Limits...
A speciation gene for left-right reversal in snails results in anti-predator adaptation.

Hoso M, Kameda Y, Wu SP, Asami T, Kato M, Hori M - Nat Commun (2010)

Bottom Line: Worldwide biogeography reveals that stylommatophoran snail speciation by reversal has been accelerated in the range of pareatid snakes, especially in snails that gain stronger anti-snake defense and reproductive isolation from dextrals by sinistrality.Molecular phylogeny of Satsuma snails further provides intriguing evidence of repetitive speciation under snake predation.Our study demonstrates that a speciation gene can be fixed in populations by positive pleiotropic effects on survival.

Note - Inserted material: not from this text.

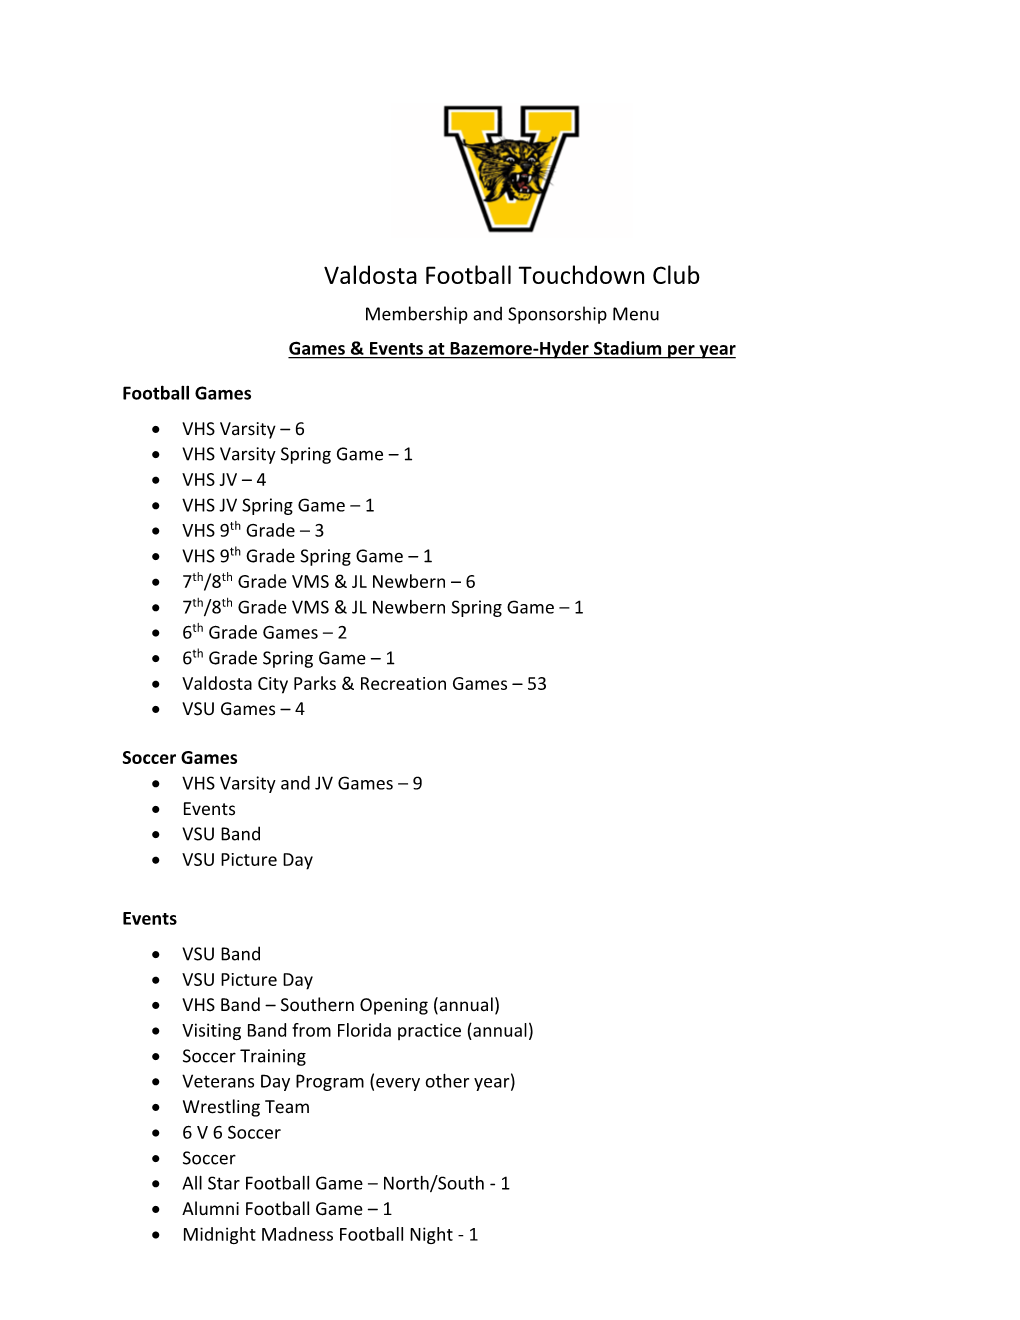 Valdosta Football Touchdown Club Membership and Sponsorship Menu Games & Events at Bazemore-Hyder Stadium Per Year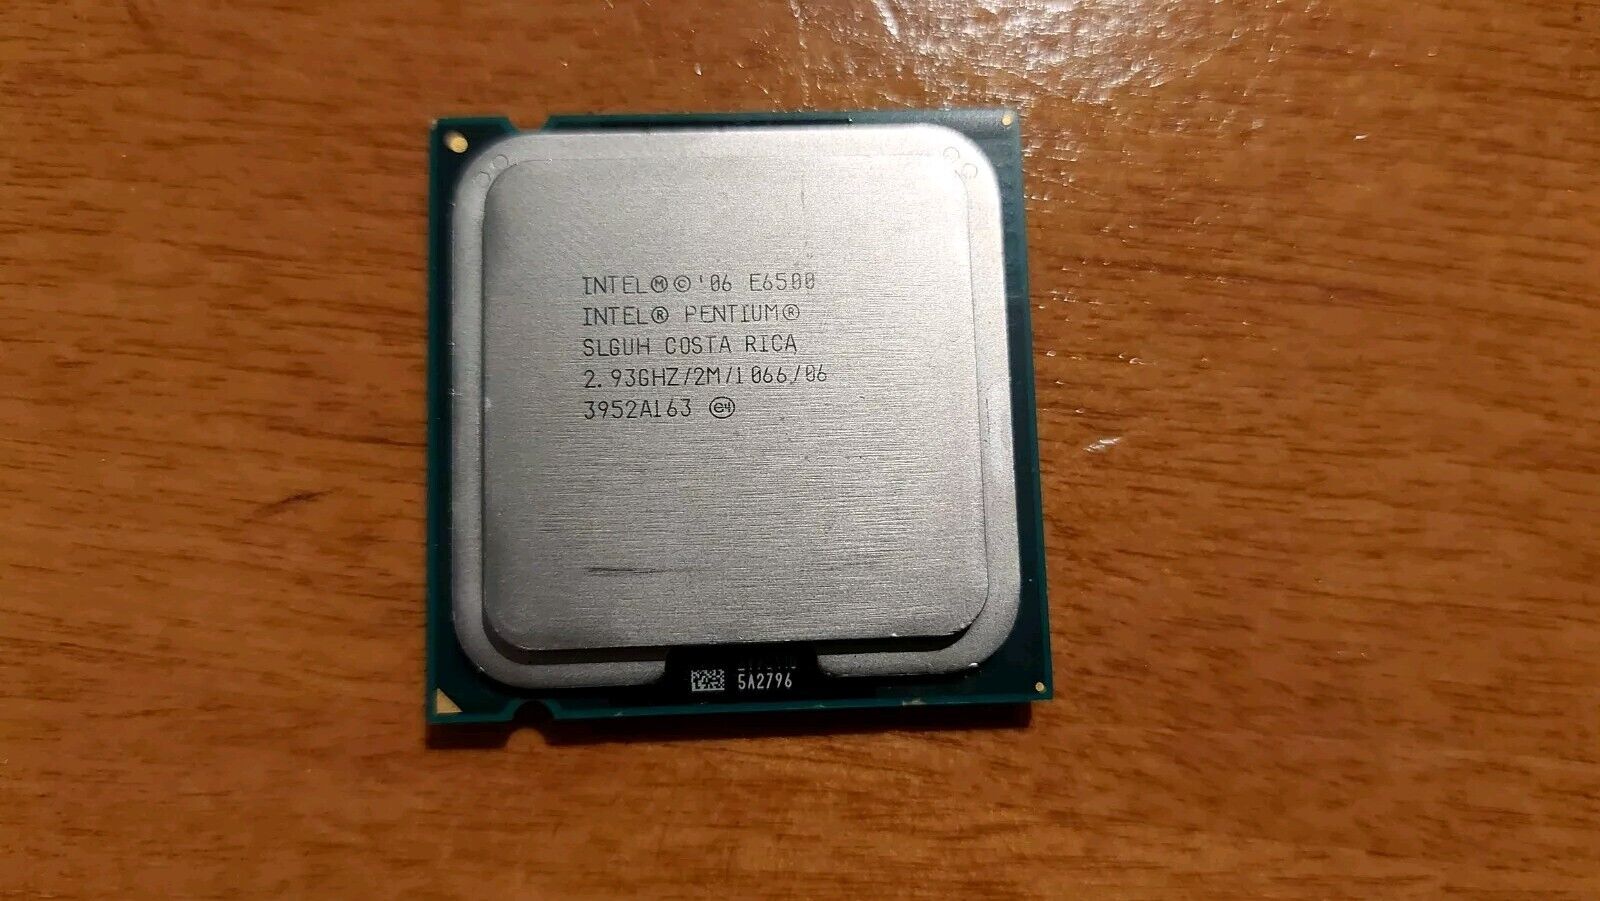 Intel Pentium Dual Core E6500 2.93GHz

View Article: PubMed Central - PubMed

Affiliation: Department of Community and Ecosystem Ecology, Graduate School of Life Sciences, Tohoku University, Sendai 980-8578, Japan. hoso@m.tains.tohoku.ac.jp

ABSTRACT
How speciation genes can spread in a population is poorly understood. In land snails, a single gene for left-right reversal could be responsible for instant speciation, because dextral and sinistral snails have difficulty in mating. However, the traditional two-locus speciation model predicts that a mating disadvantage for the reversal should counteract this speciation. In this study, we show that specialized snake predation of the dextral majority drives prey speciation by reversal. Our experiments demonstrate that sinistral Satsuma snails (Stylommatophora: Camaenidae) survive predation by Pareas iwasakii (Colubroidea: Pareatidae). Worldwide biogeography reveals that stylommatophoran snail speciation by reversal has been accelerated in the range of pareatid snakes, especially in snails that gain stronger anti-snake defense and reproductive isolation from dextrals by sinistrality. Molecular phylogeny of Satsuma snails further provides intriguing evidence of repetitive speciation under snake predation. Our study demonstrates that a speciation gene can be fixed in populations by positive pleiotropic effects on survival.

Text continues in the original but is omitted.